The Pakistan International Airlines, while incurring a total loss of Rs607 billion, has inducted a third Airbus A320 aircraft in its fleet this year.
The national carrier had made a deal to procure four A320 planes, the third of which reached Islamabad from Sharjah on Saturday, as per a PIA statement.
A state-of-the-art aircraft with better cabins will be added to the PIA's fleet to provide better travel facilities to passengers, it added.
Experts, however, are not satisfied with the national carrier’s progress that despite all its claims, it incurred suffered a loss of Rs41.8 billion in the first half of the financial year thar ended on June 30, 2022.
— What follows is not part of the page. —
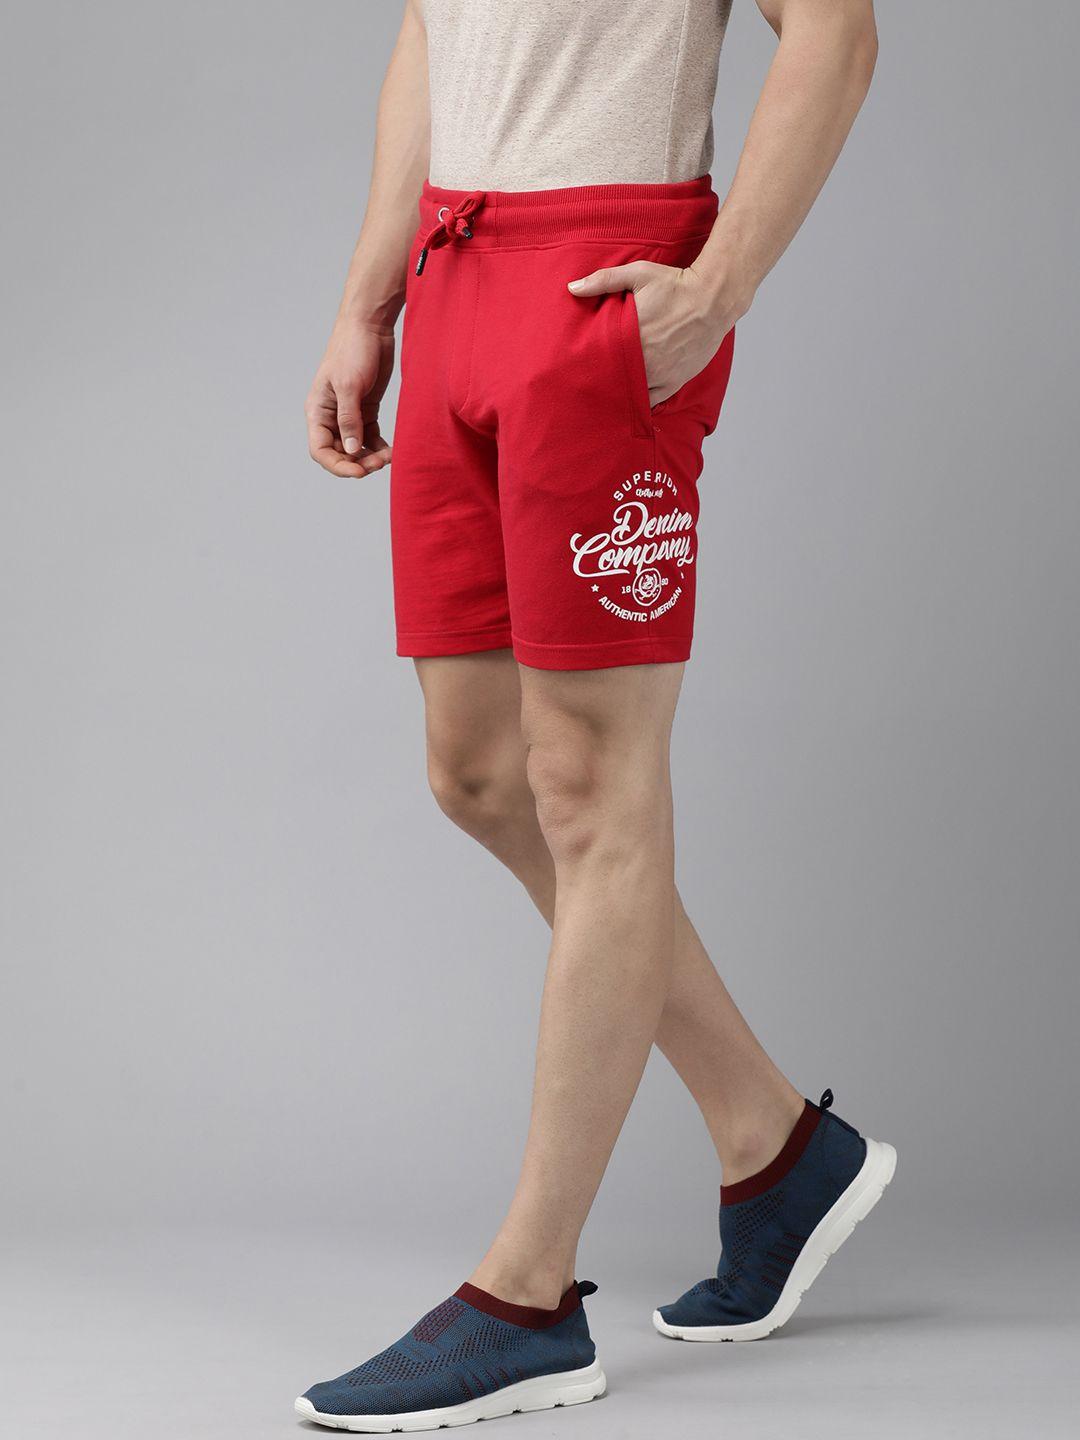 u s polo assn denim co men red brand logo printed shorts

The collective loss of the airline is Rs593 billion and there is no end to this bleeding in sight.
These aircraft are the replacement of those, whose lease had already expired, veteran aviation expert Afsar Malik told The Express Tribune.
He added that the move would not make any difference in the PIA's profit or loss statement.
“In any case, it's not the capacity of our national airline but the cost inefficiency in comparison with private airlines,” he explained.
The aviation expert said in airline business, costs closely track revenues; profit, if any, is razor sharp thin. Airlines make money by reducing capacity and competition.
“More number of airlines means more capacity and enhanced competition resulting in more losses for the PIA and less profits for private airlines,” he added.
The floods in the country have destroyed the railroad infrastructure between north and south, increasing demand for air travel, Malik said, adding that with supply being low, airline ticket prices have gone up.
“However, these windfall profits will be short-lived as the prices will normalise with the restoration of rail road infrastructure,” he said.
The entry of the 5th airline in October will increase both the capacity and competition, putting downward pressure on ticket prices. Prices may drop to as low as 50% of the current rates.
Domestic traffic volume is almost stagnant at six million per annum since 2006, with some exceptions, said Malik. International traffic has been increasing at a rate of 6% and it was about 15 million before the Covid-19 outbreak.
While domestic traffic has recovered to its pre-Covid figures, international traffic might take another couple of years to restore fully, he added.
The fourth and final aircraft of this series would arrive in the country in the next few days, taking the number of A320 aircraft in PIA’s fleet to 14, the national carrier said in its statement.